Услышали или нет?! Сердце бухает так, что кабина звенит, палец нервно пляшет на спусковом крючке. Наконец, различил вдали силуэты облаченные в чёрное, явно не наши. Автомат, соскучившись по стрельбе, загрохотал, весело харкаясь блестящими гильзами. Атеист перевёл на одиночный огонь, патроны не бесконечные. Пальнул ещё пару раз, «чёрные» залегли, зато в ответ жахнули с таким энтузиазмом, пули роем пронеслись над самой макушкой. Атеист спрыгнул, помирать ещё рано, сменил магазин. Нажал на сигнал ещё раз, где же пацаны, неужели не поняли, что это он?! Обернулся к дороге… и выматерился в голос. На всех парах, привлечённые стрельбой мчались зараженные. Много, очень много! Атеист чуть помедлил, но помирать геройской смертью хотелось все меньше и меньше. Смерть от пули всё-таки лучше, чем быть сожранным вживую. Зараженных не меньше сотни, орда, блин, целая. Особо шустрые и нетерпеливые вырвались далеко вперёд. Атеист прыгнул за руль, уазик рванулся задницей к дороге, навстречу радостно заурчавшим тварям. И тут из кустов вылетел Ахмед, Атеист с трудом узнал в залитом с головы до ног великане кавказца. Тот замахал рукой, уазик подлетел поворачиваясь боком. Звякнула дверца, в салон ввалился Ахмед, следом с разбегу влетел Седой, заорал хрипло:
— Ходу, ходу, ходууу!
— А Молчун с Малым?
— Жми, твою мать, нет их больше… Уазик швырнул комья грязи прямо в морды подоспевших тварей, помчался обратно к дороге. Зараженные на миг разочарованно застыли, затем ломанулись в перелесок, там стоял такой шорох, словно у стада слонов начались брачные игры. Явно не четырнадцать харь засело на химзаводе… По уазику прилетело пару очередей, потом в перелеске началась беспорядочная пальба, мурам явно стало не до беглецов.
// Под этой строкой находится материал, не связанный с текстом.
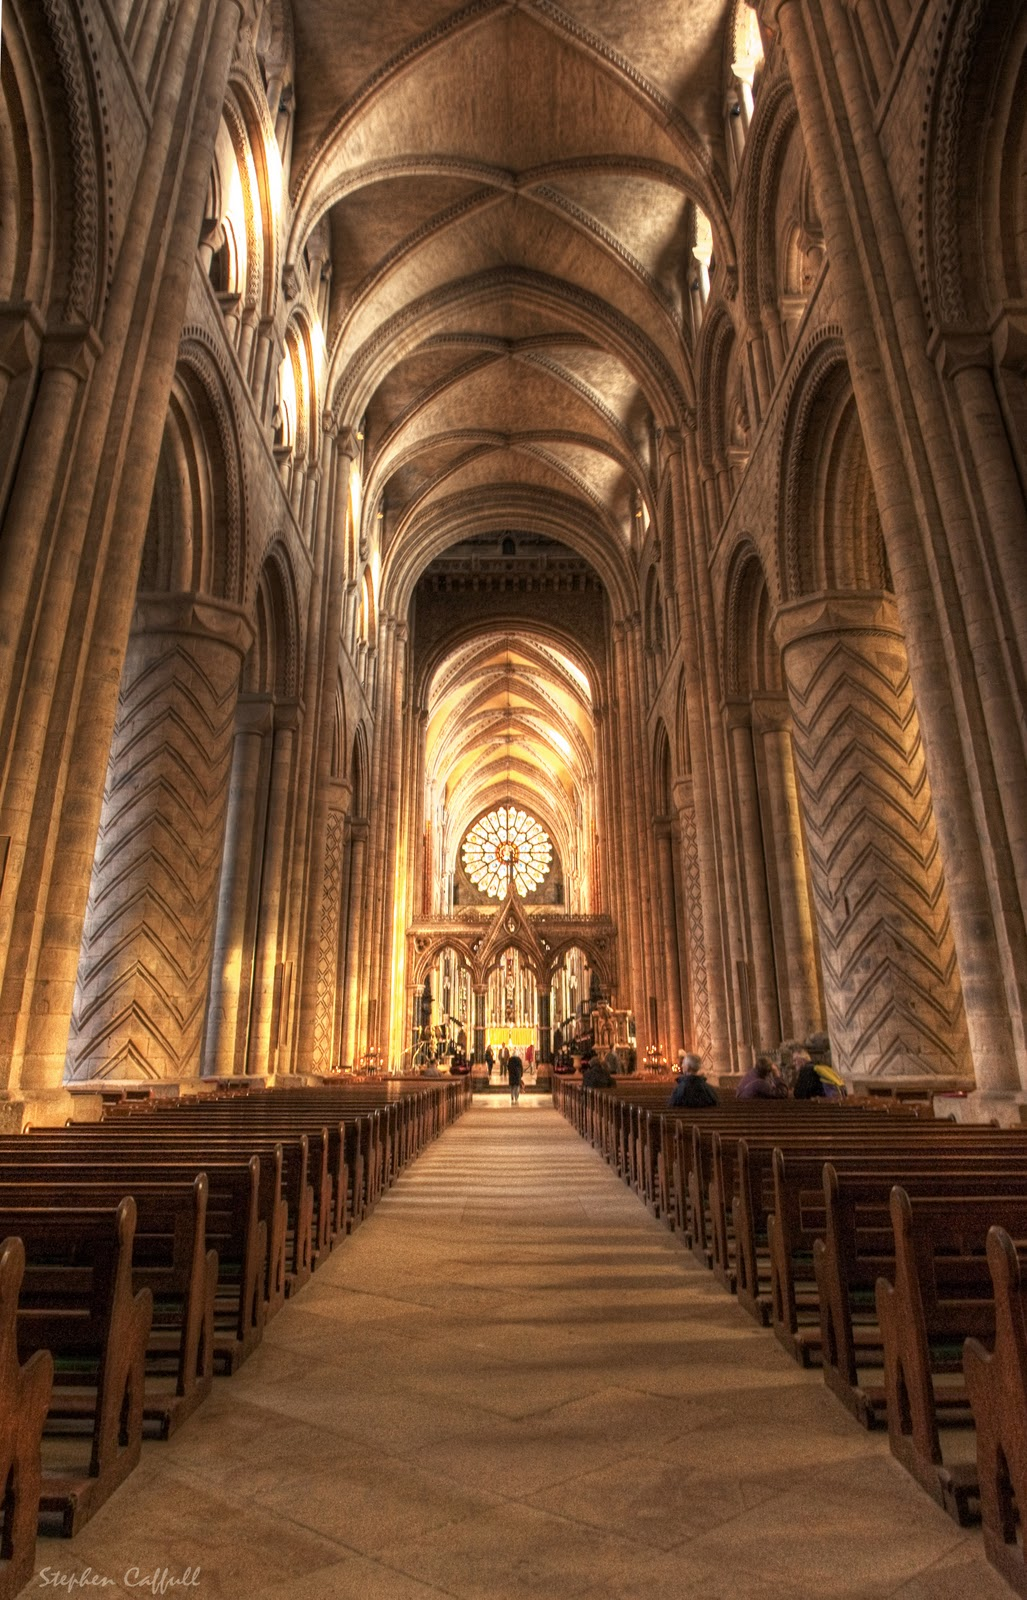 a m me da miedo la catedral de durham

— Так что с Малым и Молчуном? Они… точно…
— Точно! — Седой выдохнул обреченно. — Они впереди шли, вот и напоролись. Малой сразу погиб, полголовы разворотило, а Молчун успел пару очередей дать, но уже раненный, я подскочил, а у него вся грудь разворочена, пузыри кровавые изо рта…
Седой умолк, лицо потемнело, как у покойника.
— Ахмед, ты как?
— Нормально, жить буду. Пару сквозных, и осколками посекло. Ты то как там оказался? Я сначала не понял, хрена там сигналят, потом допер, что неспроста. Ну и рванули с Седым, как зайцы.
— Оторвемся, тогда расскажу.
— Да вроде оторвались, первый раз в жизни рад зараженным…
Атеист глянул в зеркало заднего вида и смачно выматерился.
— Не оторвались ещё… млять… — За нами какая-то бронированная хреновина увязалась, вроде Хаммера, и скорость у неё не слабая!
Седой глянул в заднее стекло, со злостью грохнул кулаком по сидению.
— Точно не уйдем. Не знаю, что за броневик, но идёт резво, догонит, скоро догонит…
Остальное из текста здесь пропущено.